8. A printed wiring board manufactured by the method of forming the
amorphous alloy film according to claim 2.
9. A printed wiring board manufactured by the method of forming the
amorphous alloy film according to claim 3.
10. A printed wiring board manufactured by the method of forming
the amorphous alloy film according to claim 4.
11. A printed wiring board manufactured by the method of forming
the amorphous alloy film according to claim 5.
12. A printed wiring board manufactured by the method of forming
the amorphous alloy film according to claim 6.
Description
CROSS REFERENCE(S) TO RELATED APPLICATIONS
[0001] This application claims the foreign priority benefit under
35 U.S.C. Section 119 of Korean Patent Application Serial No.
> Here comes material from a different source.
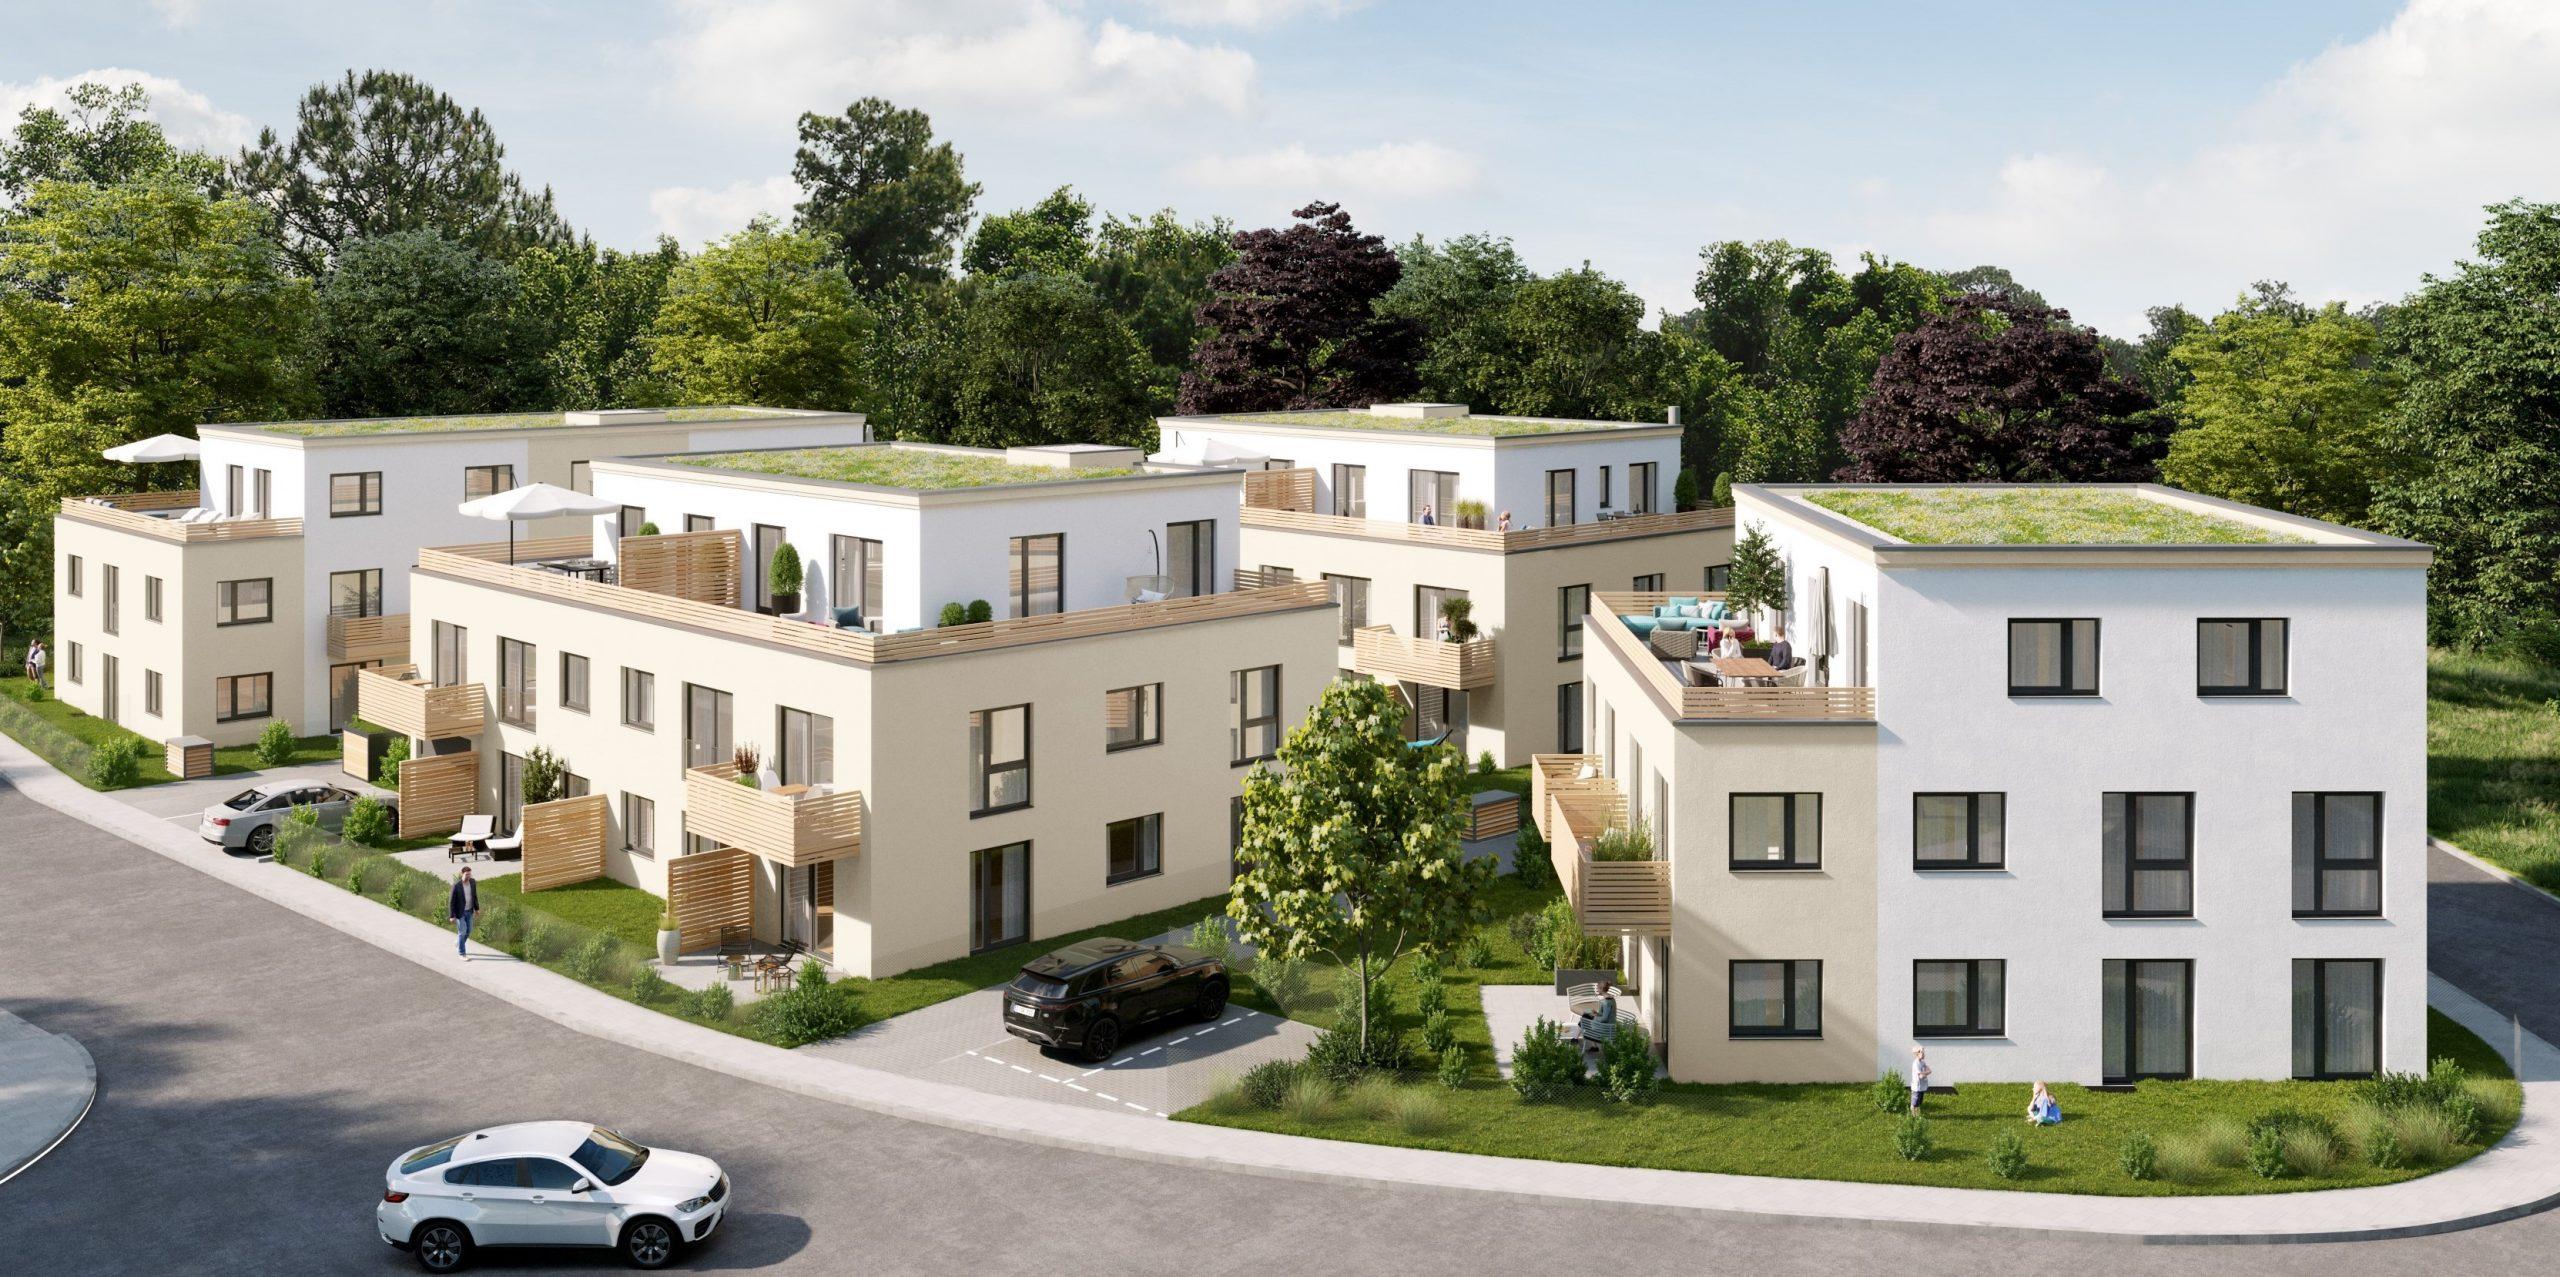 Wohnanlage in Schongau                                                                                    Verkaufsstart Juli 2021

10-2013-0147342, entitled "Method of Forming Amorphous Alloy Film
and Printed Wiring Board Manufactured by the Same" filed on Nov.
29, 2013, which is hereby incorporated by reference in its entirety
into this application.
BACKGROUND OF THE INVENTION
[0002] 1. Technical Field
[0003] The present invention relates to a method of forming an
amorphous alloy film using a sputtering deposition method and a
printed wiring board manufactured by the same.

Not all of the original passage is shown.